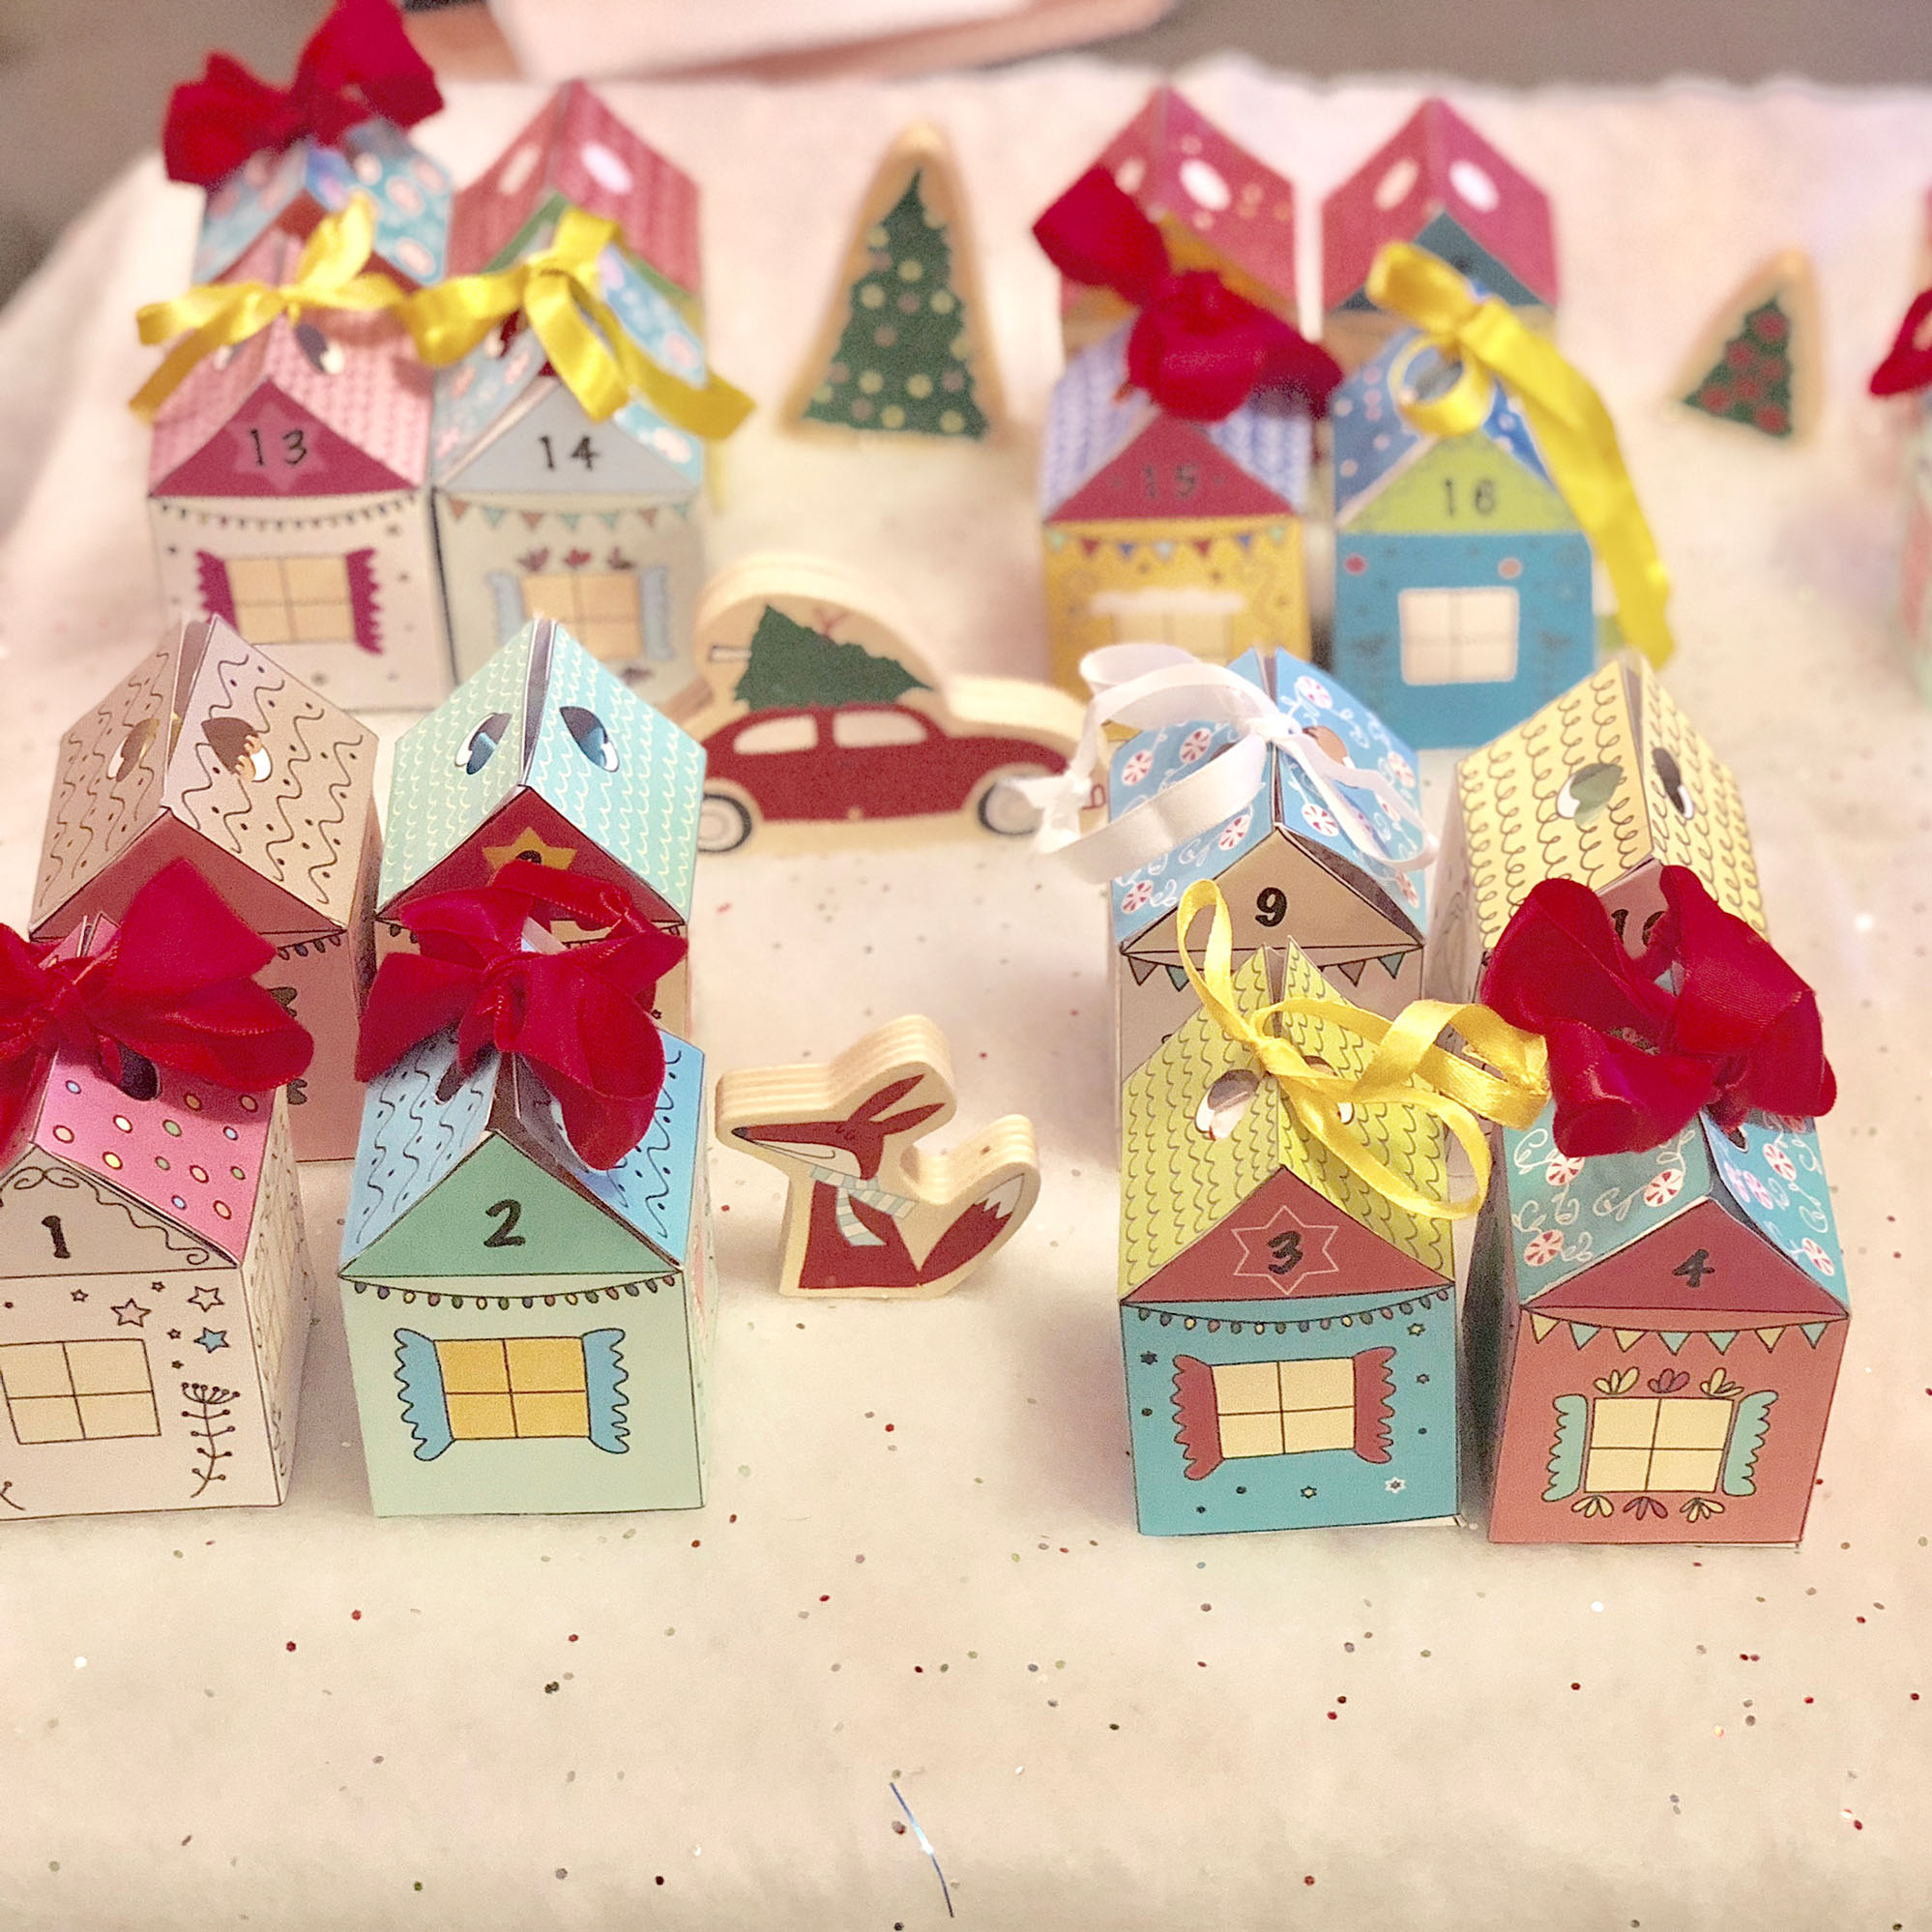 24 Christmas houses
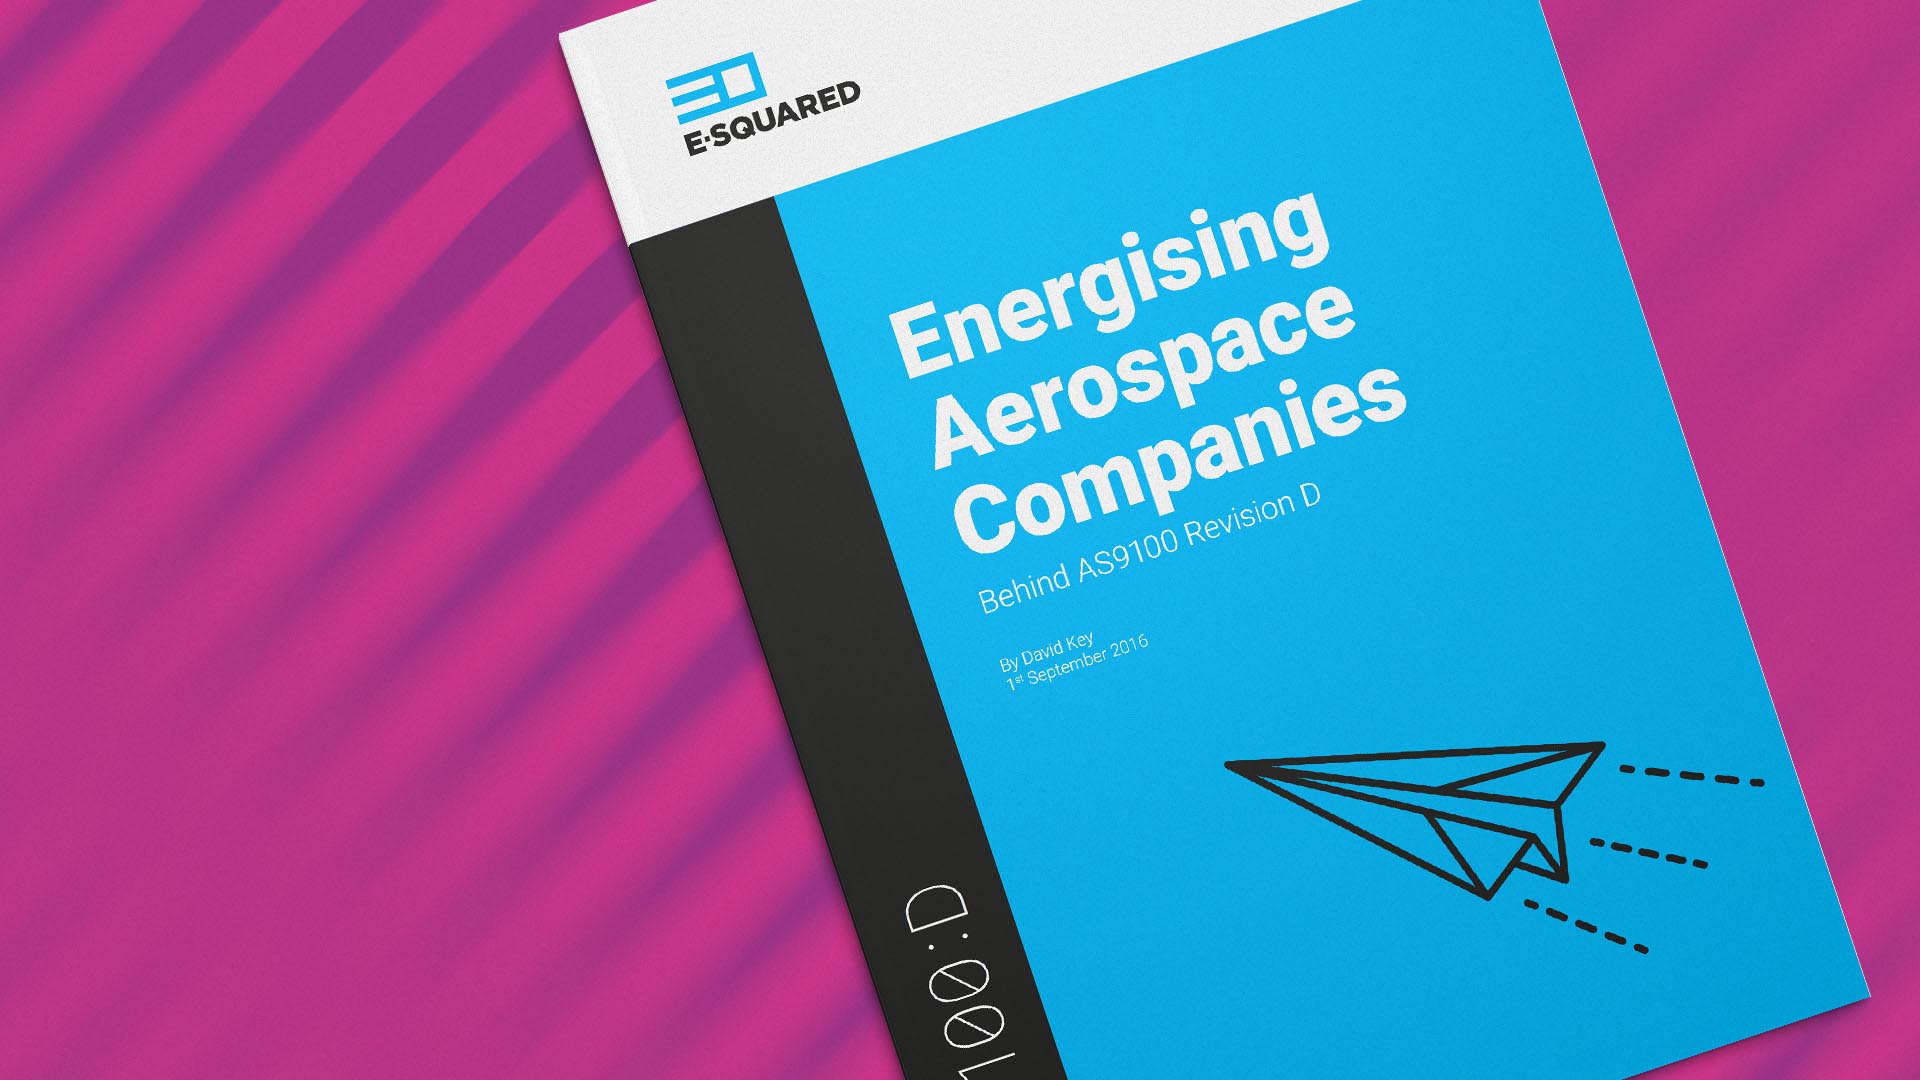 Energising aerospace companies behind AS9100 Rev D
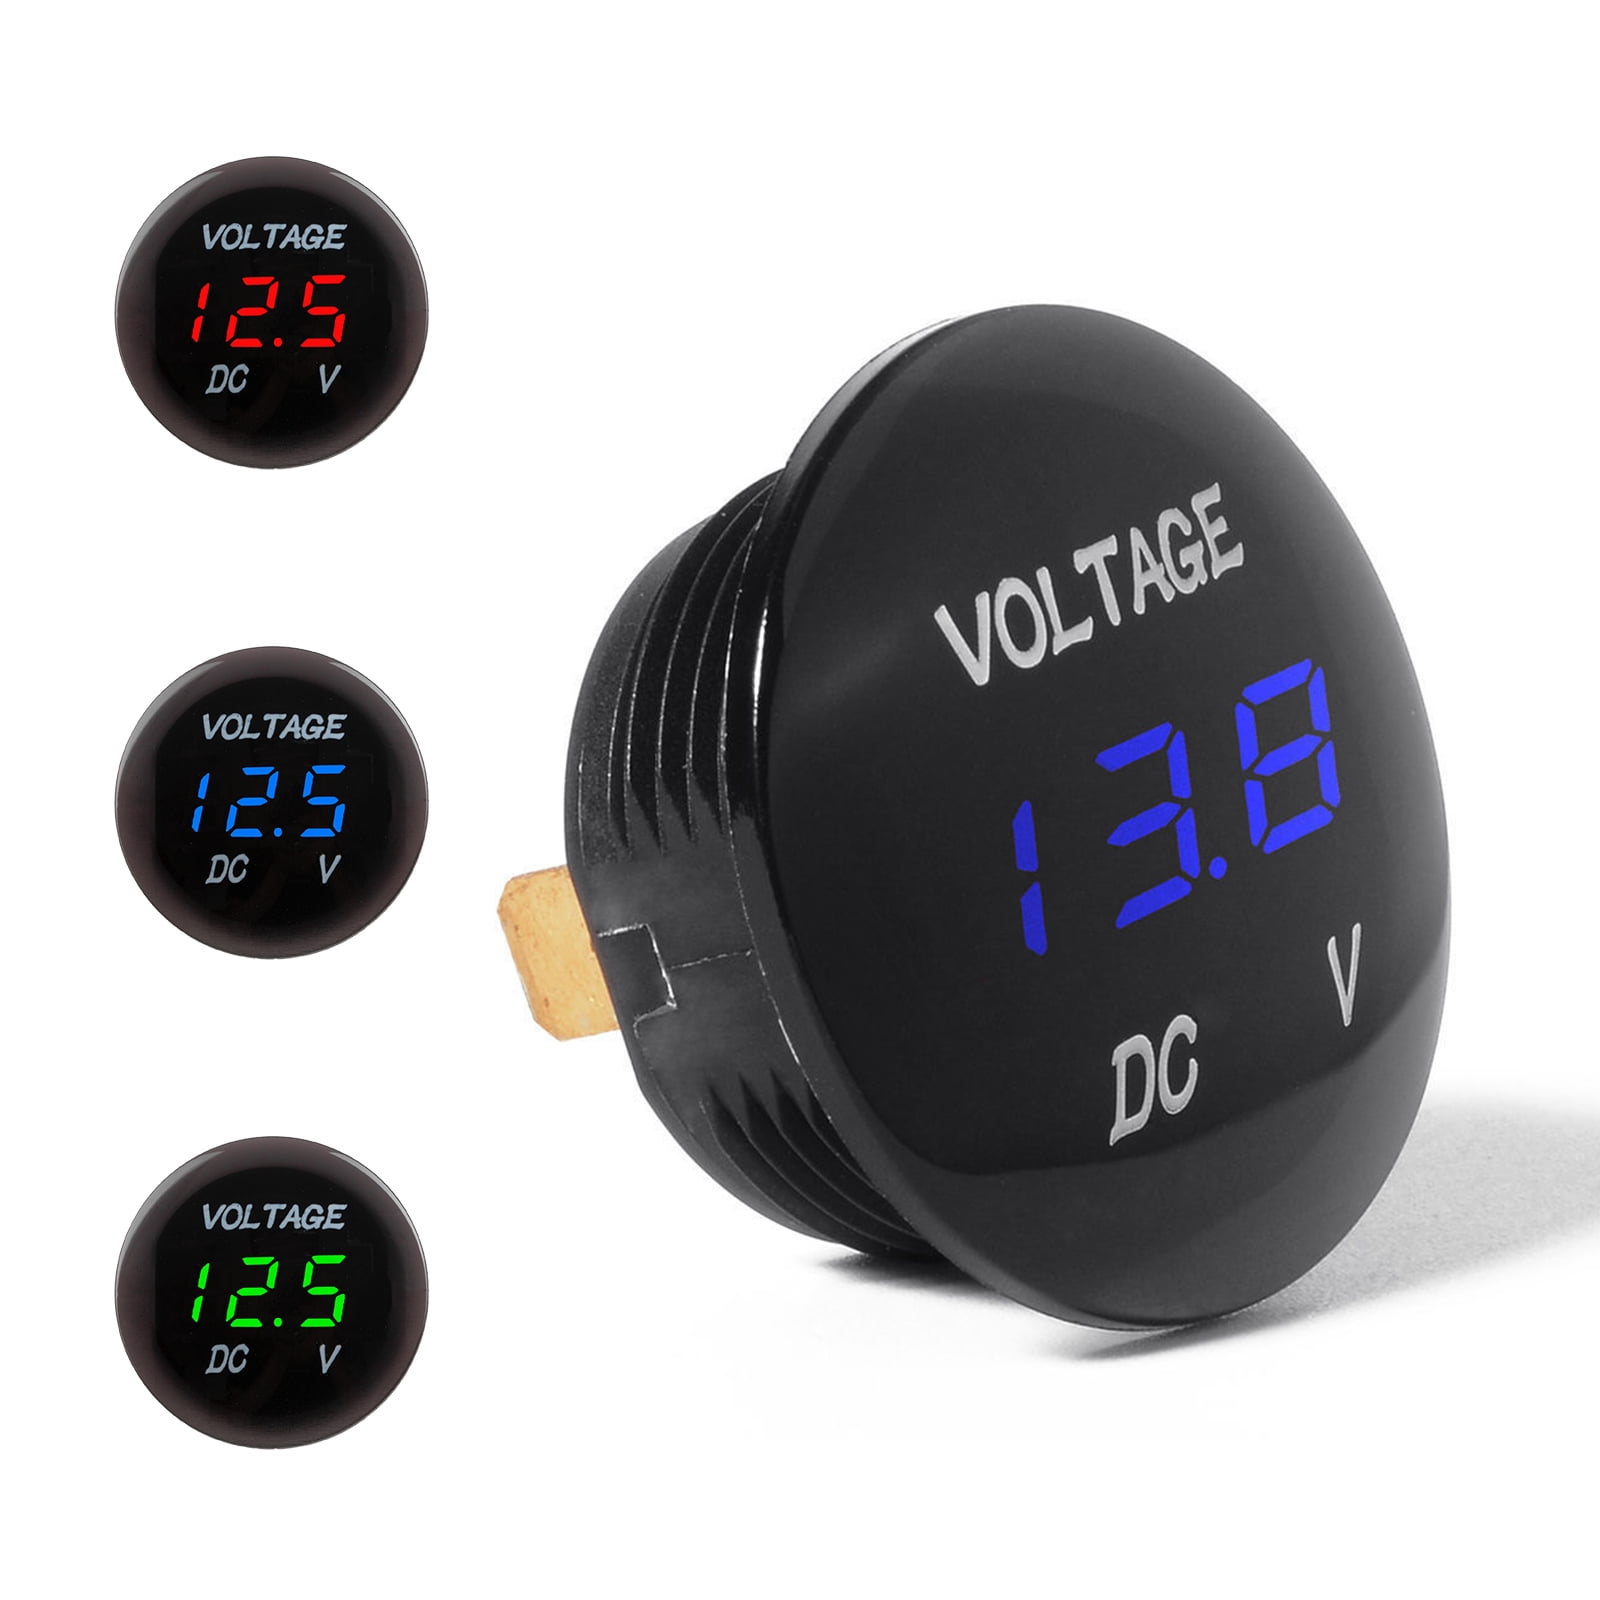 DC 12V Voltage Meter Motorcycle LED Digital Voltmeter Battery Gauge Waterproof

________

## REQUIRED ACTION
Please repeat all of the data exactly as it stands, leaving the pictures out.

## EXERCISE RESPONSE
 24 Christmas houses
 Energising aerospace companies behind AS9100 Rev D
 DC 12V Voltage Meter Motorcycle LED Digital Voltmeter Battery Gauge Waterproof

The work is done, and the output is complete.